Он вспомнил прошлое, и это прошлое теперь не давало ему покоя, вырастая в огромную трагедию.
Ему вспоминается детский распределитель, где он пробыл полгода и откуда так бесцеремонно был выслан вместе с парой брюк в Шкиду.
В распределителе собралось тогда много малышей, девчонок и мальчишек, и Янкель – в то время еще не Янкель, а Гришка – был среди них, как Гулливер среди лилипутов. От скуки он лупил мальчишек и дергал за косы девчонок.
Однажды в распределитель привели новенькую. Была она ростом повыше прочей детдомовской мелюзги, черненькая, как жук, с черными маслеными глазами.
– Как звать? – спросил Гришка.
– Тоня.
– А фамилия?
– Маркони, – ответила девочка, – Тоня Маркони.
– А вы кто такая? – продолжал допрос Гришка, нахально оглядывая девчонку. Новенькая, почувствовав враждебность в Гришкином поведении, вспыхнула и так же грубо ответила:
– А тебе какое дело?
Дерзость девчонки задела Гришку.
– А коса у тебя крепкая? – спросил он угрожающе.
– Попробуй!
Гришка протянул руку, думая, что девчонка завизжит и бросится жаловаться. Но она не побежала, а молча сжала кулаки, приготовившись защищаться, и эта молчаливая отвага смутила Гришку.
– Руки марать не стоит, – буркнул он и отошел.

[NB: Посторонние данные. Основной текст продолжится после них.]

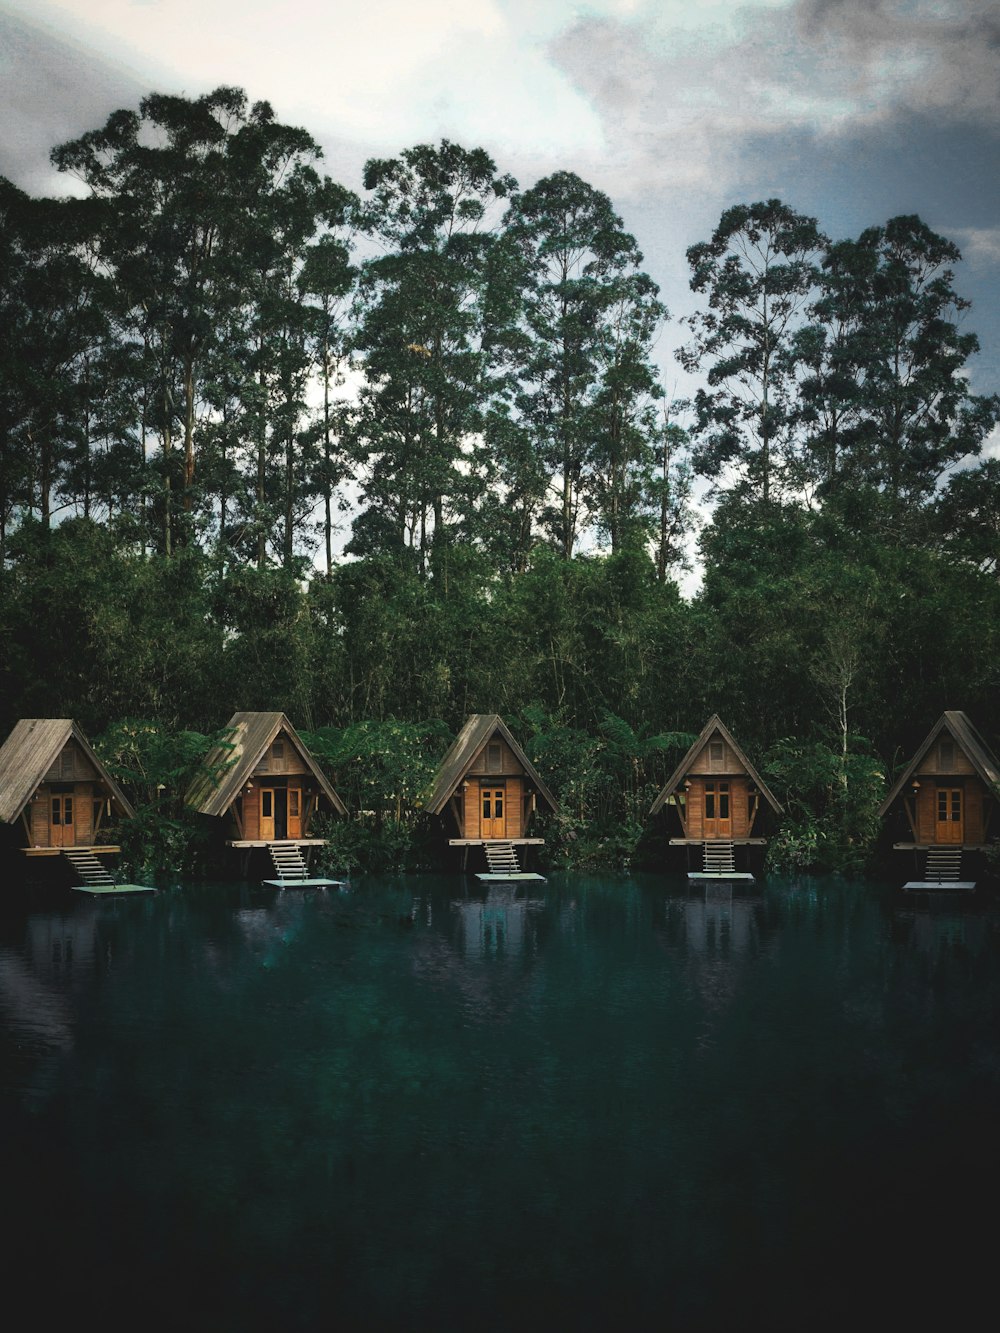 Casa de madera marrón en el lago rodeada de árboles durante el día

Больше он не трогал ее, и хотя особенной злости не испытывал, но заговаривать с ней не хотел.
Тоня первая заговорила с ним.
Как-то раз Гришку назначили пилить дрова. Он пришел в зал подыскать себе помощника и остановился в нерешительности, не зная, кого выбрать. Тоня, стоявшая в стороне, некоторое время глядела то на Гришку, то на пилу, которую он держал в руках, потом, подойдя к нему, негромко спросила:
– Пилить?
– Да, пилить, – угрюмо ответил Гришка.
– Я пойду с тобой, – краснея, сказала Тоня. – Я очень люблю пилить.
Гришка, сморщившись, с сомнением оглядел девочку.
– Ну, хряем, – сказал он недовольно.
Полдня они проработали молча. Тоня не отставала от него, и совсем было незаметно, что она устала. Тогда Гришка подобрел.
– Ты где научилась пилить? – спросил он.
– В колонии, на Помойке. – Тоня рассмеялась и, видя, что Гришка не понимает, пояснила: – На Мойке. Это мы ее так – помойкой – прозвали… Там только одни девочки были, и мы всегда сами пилили дрова.
– Подходяще работаешь, – похвалил Гришка.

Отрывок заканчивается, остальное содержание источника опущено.